Aslen Çanakkaleli olan Semra Özçelik, 12 yıl önce il merkezine taşınarak, Çanakkale Antik Pazarı’nda ikinci el eşya satmaya başladı. Zamanla işini büyüten Özçelik, bugün dükkanında gelinlikten kına kıyafetine, yağlık ve çevrelerden elbiseye kadar asırlık tekstil ürünleri satıyor. Dükkanında ayrıca sokak kedilerine de ev sahipliği yaparak, nostaljik bir atmosfer yaratıyor.
GEÇMİŞİN EŞYALARI YENİ SAHİPLERİNİ BEKLİYOR
Özçelik, dükkanındaki eşyaların büyük çoğunluğunun, evlerdeki boşalan sandıklardan çıktığını belirtiyor. “Özellikle kadınlar, evde kullanılmayan eşyaları getiriyorlar. Hurdacılar da, bazen eski eşyaları atıl durumda bulup, bana getiriyor. Yine de, gelmeyen ama dükkanımda olmasını istediğim eşyaları internetten temin ediyorum” diyor.
HER BİR ÜRÜN, BİR HİKAYE TAŞIYOR
Semra Özçelik, eski kıyafetlerin ve eşyaların, geçmişin yaşam biçimlerinden izler taşıdığına dikkat çekiyor. “Yeni yapılan bir iş, örnek bir kitaba bakılarak üretiliyor. Oysa eski el işlerinde, kişisel bir emek, bir hikaye var. Özellikle Cumhuriyet öncesi dönemde yapılan kıyafetler, doğal esinlenmelerle tasarlanmış, her birinin farklı bir anlamı var” diyor.
DÜKKAN, ETNOGRAFYA MÜZESİ GİBİ
Dükkanında, yalnızca eski kıyafetler değil, aynı zamanda eski takılar, halılar, camlar, seramikler ve porselenler de bulunuyor. Özçelik, dükkanını adeta bir etnografya müzesine benzetiyor. “Her ne kadar her gün kalabalık olmasa da, gelenler gerçekten ilgi duyan insanlar. Bazı müşterilerim eski kıyafetleri görünce, geçmişe özlemle bakarak duygusal anlar yaşıyor” diye konuşuyor.

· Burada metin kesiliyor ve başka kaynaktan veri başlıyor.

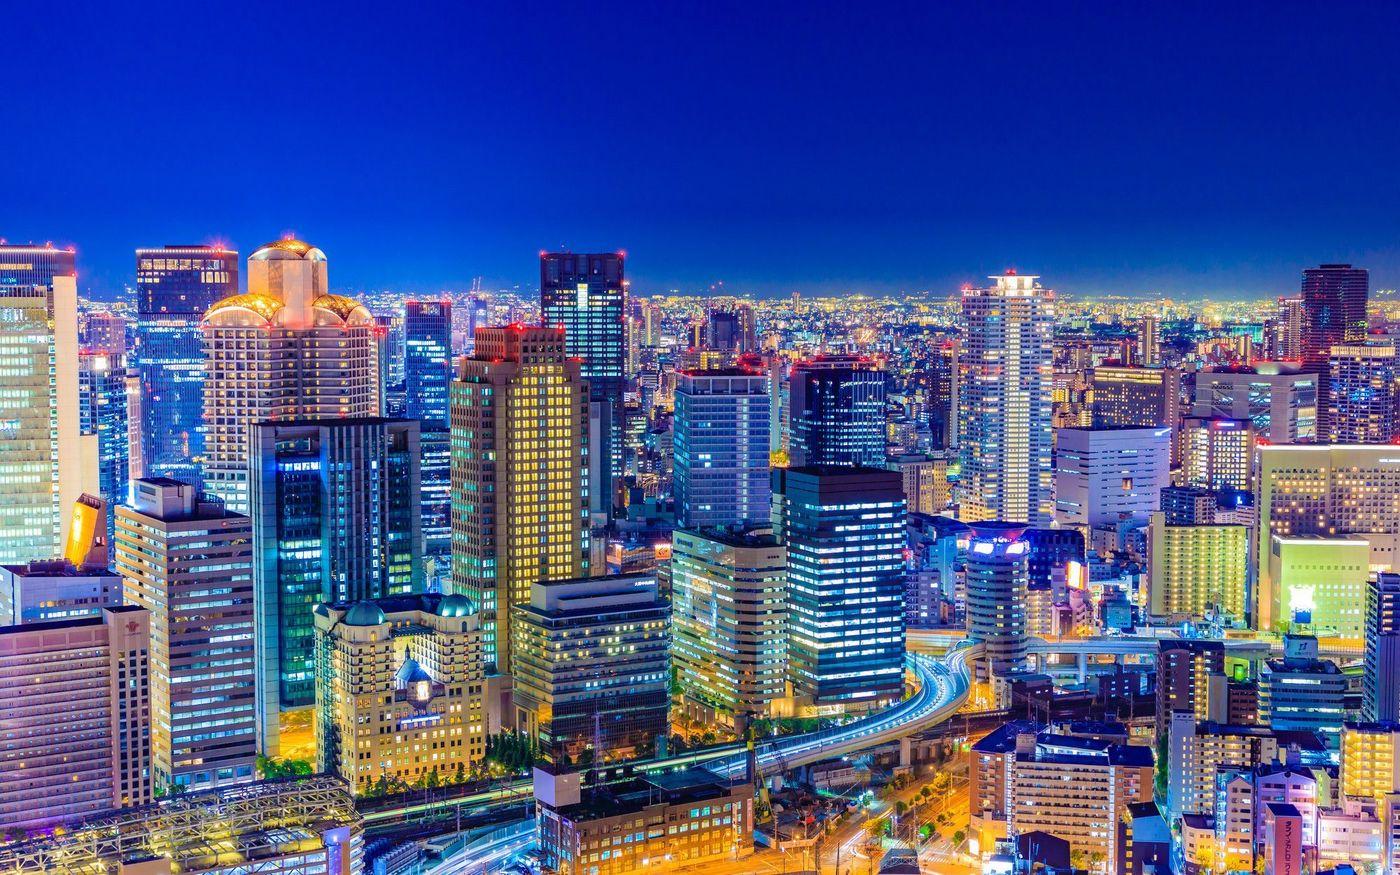 【大阪】ワンランク上の写真を撮りたいならココがおすすめ!の11枚目の画像の画像

YEREL YÖRELERDEN EŞYALAR DA DÜKKANINDA
Çanakkale’nin Bozcaada ve Gökçeada dışındaki ilçelerinin yöresel giysileri de dükkanında yer alıyor. En çok kadın kıyafetlerinin bulunduğunu vurgulayan Özçelik, farklı bölgelerden gelen geleneksel kıyafetlerin her biriyle, adeta bir zaman yolculuğu yapıldığını ifade ediyor. Özçelik, bir gün dükkanına gelen 75 yaşındaki bir kadının dedesinin sandığındaki eşyaları satmak üzere getirdiğini anlatıyor.
BİR YAĞLIK, BİR AİLEYİ HATIRLATIYOR
Özçelik, dükkanındaki en ilginç eşyalarından birinin, üzerinde figürler bulunan 140 yıllık bir yağlık olduğunu belirtiyor. “Bir gün bir müşteri, bu yağlığı almak için geldiğinde, bana onun ailesinin şeceresi olduğunu anlattı. Ancak kadın, 'Ben ölünce bunlar çöpe atılacak, o yüzden gerek yok,' dedi. Bu cümle bende derin bir iz bıraktı. Çünkü bu eşyalar sadece birer obje değil, geçmişin izleri ve anıları.”
KÜLTÜREL MİRASI GELECEĞE TAŞIMAK
Semra Özçelik, yıllardır yaptığı bu işi büyük bir tutku ve merakla sürdürdüğünü vurguluyor. “Çeyizler, eski eşyalara olan ilgim, bana gençliğimden beri vardı. Bu dükkan, hem geçmişe olan ilgimi hem de bu değerleri koruma arzumuzu hayata geçiriyor” diyor. Özçelik, dükkanındaki her bir eserin bir başka hikayeyi anlattığını ve bu eşyalara sahip çıkmanın, geçmişi yaşatmak anlamına geldiğini belirtiyor.